In January 2003, at the Seattle meeting of the American Astronomical Association, Dr. Kopeikin announced the results of the measurement: The speed of gravity, cg, is within 20% of the speed of light. Reporters who attended the meeting immediately publicized the result in newspapers with titles such as "Einstein Right about the Speed of Gravity!" Word soon spread around the world in print, by radio and on TV. Unfortunately, this is another example of the media hastily announcing a scientific result before it should.
Not only has the manuscript by Drs. Fomalont and Kopeikin not yet been accepted for publication, but it has also met some difficulties in the peer-review process. Several scientists have even stated that the results are wrong: One claims cg is infinite, another argues that the experiment was not testing the speed of gravity but the speed of light, and still another says that data were not measuring the speed of gravity but other gravitational effects. Hence, there is considerable controversy about both the theory and the measurement. Given the confusion, it is apparent that the media is announcing to the public that Einstein is right based on a result that might be wrong!?
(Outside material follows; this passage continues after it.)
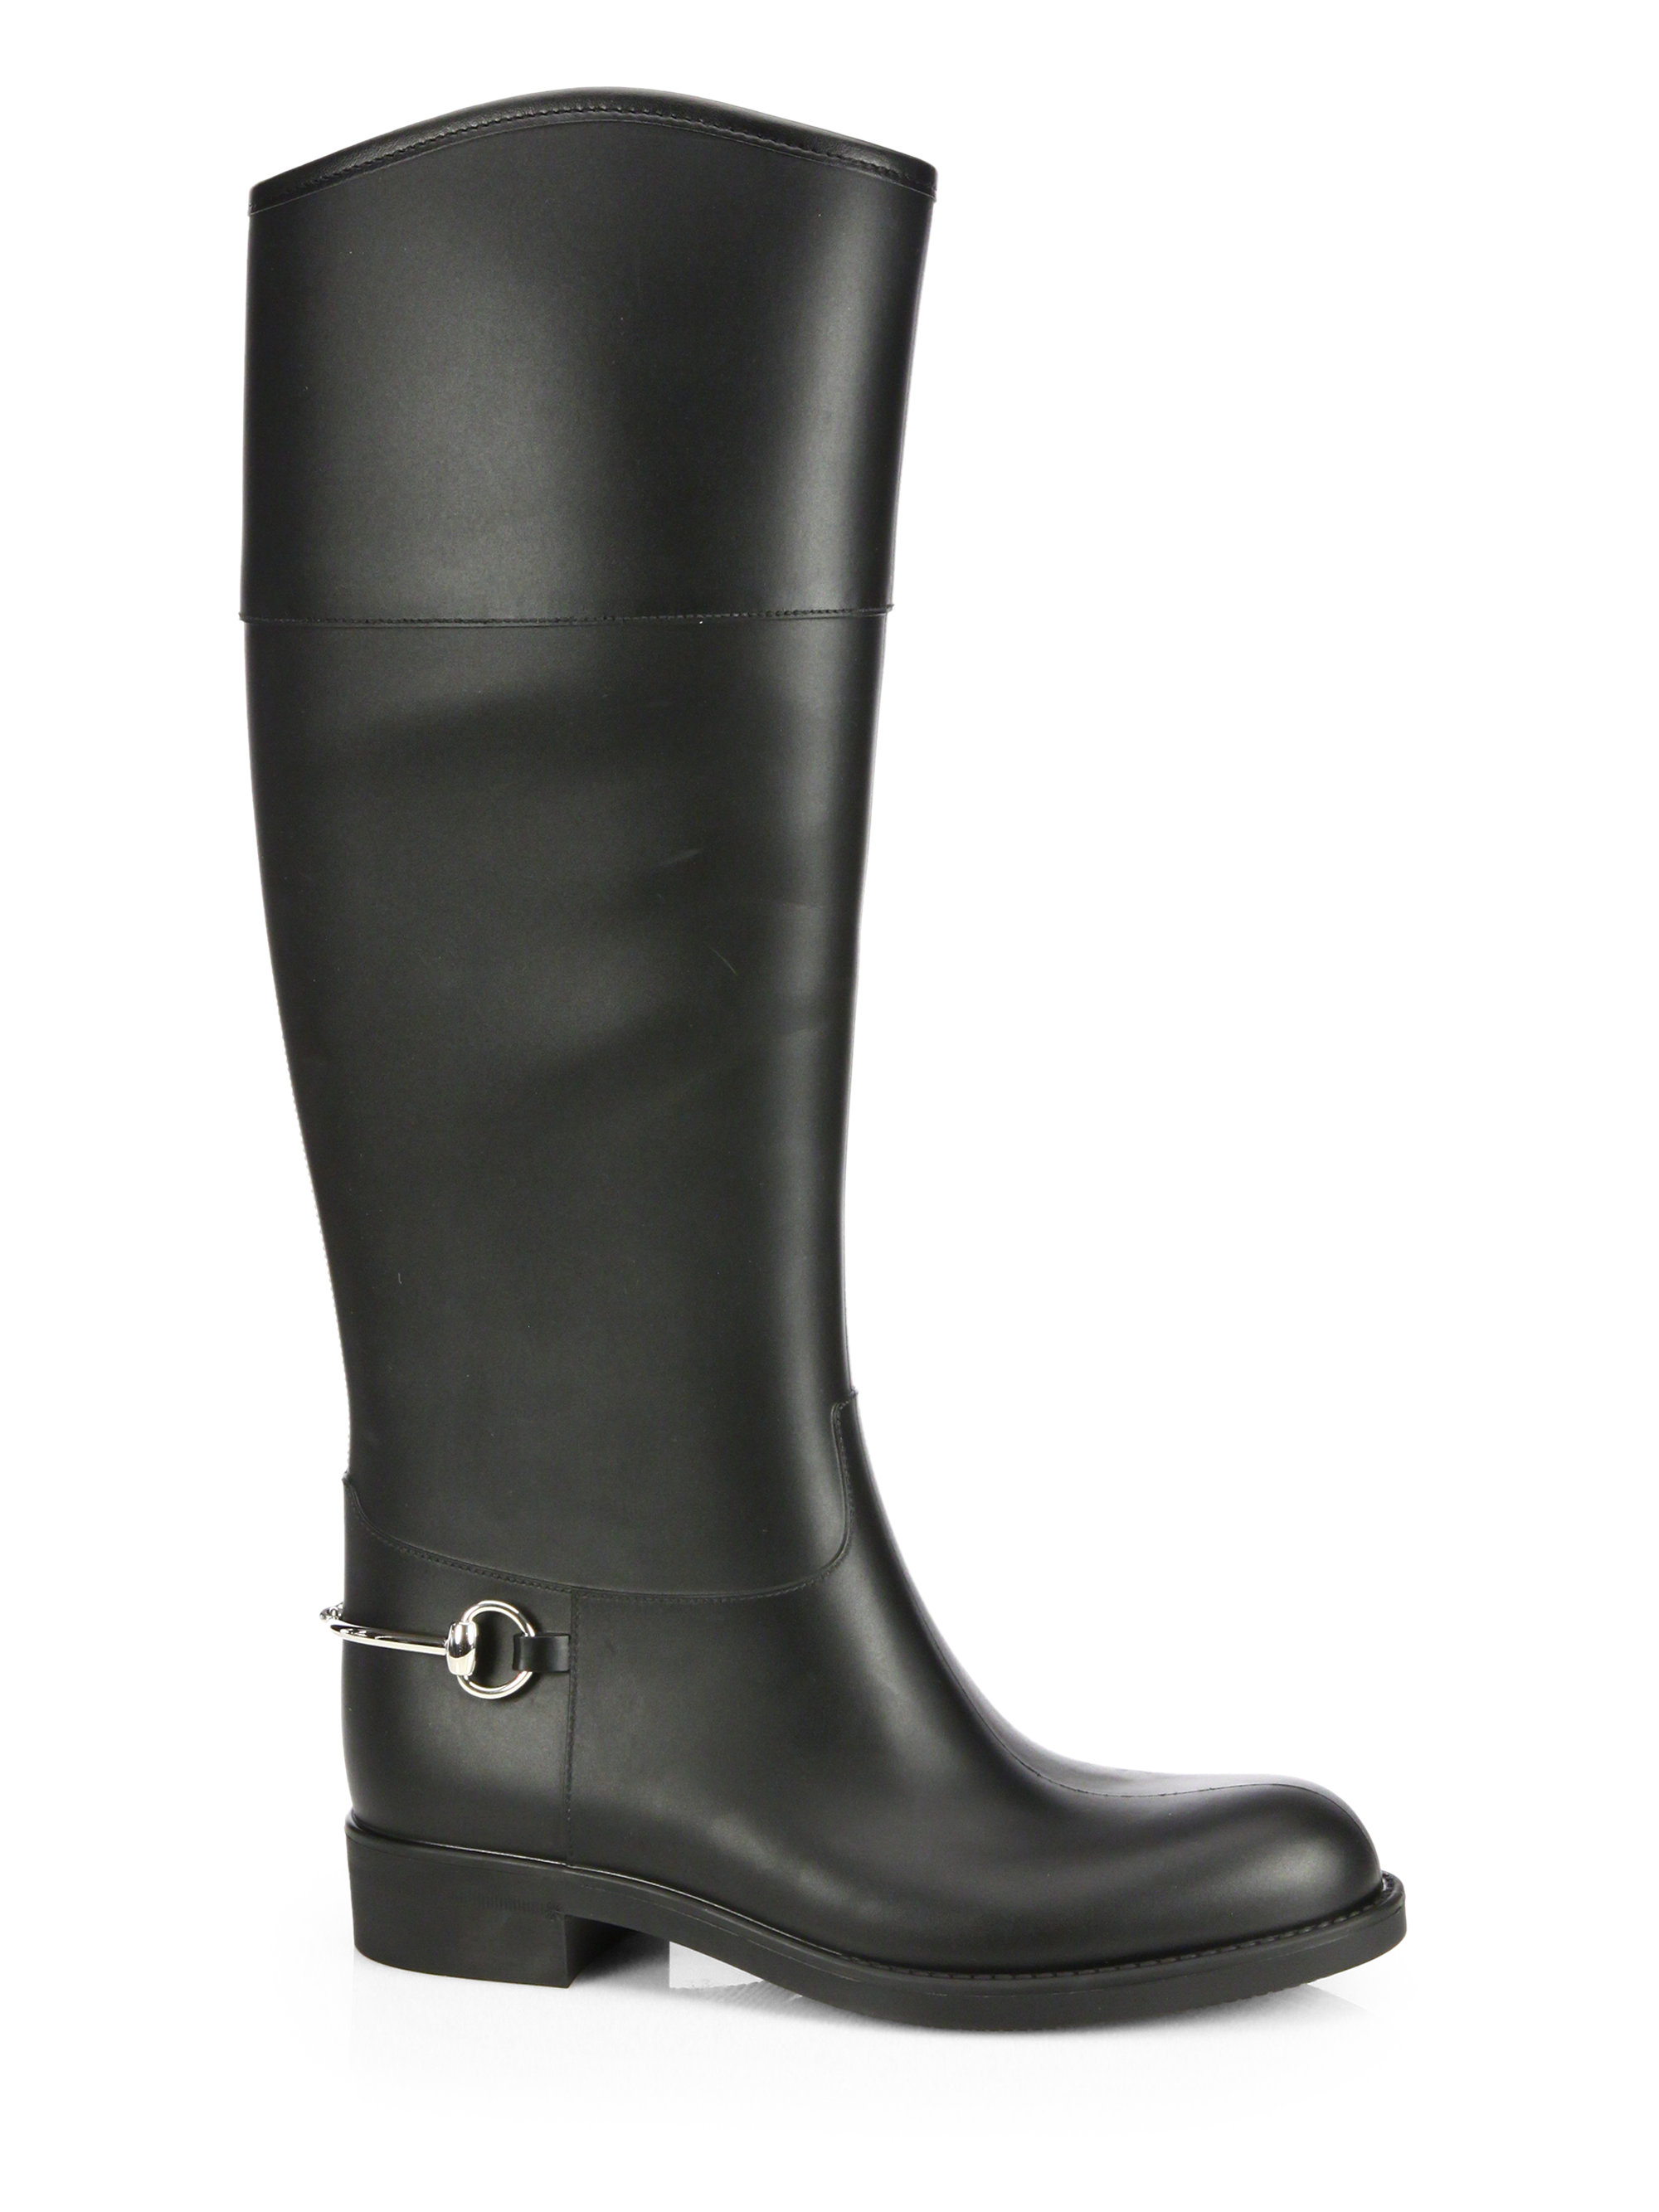 Lyst - Gucci Rubber Horsebit Rain Boots in Black

Quasars are among the most powerful sources of electromagnetic energy in the Universe. They are powered by giant black holes at the centers of newly forming galaxies. Material falling into the black hole accelerates and radiates. Some of the radiation is emitted in directions opposite to the black hole and escapes.
Due to their unimaginable brilliance, quasars are the most distant observable objects. QSO J0842+1835 is about nine billion light-years from Earth, meaning that it takes the electromagnetic waves nine billion years to reach us. In other words, the radio waves observed from the quasar on September 8 were emitted not only before the Earth existed but about twice its age ago! (The Earth is about 4.5 billion years old.)
Radio telescopes, which are large parabolic antenna dishes, collect radio waves from outer space and focus them at a detector. The QSO J0842+1835 experiment used the huge 100-meter radio telescope in Effelsberg, Germany and the Very Long Baseline Array. The latter, known as VLBA, consists of ten, 240-ton, 25-meter-diameter dishes spread across the United States and its territories from St. Croix in the Caribbean to Mauna Kea in Hawaii. Signals from the various instruments are combined using interference. This very sensitive technique can now measure time delays from radio sources to an incredible accuracy of about a trillionth of a second, that is a picosecond (10-12 seconds). This is good news because, according to calculations by Dr. Kopeikin, the speed-of-gravity effect due to the conjunction of Jupiter and QSO J0842+1835 is just a few picoseconds.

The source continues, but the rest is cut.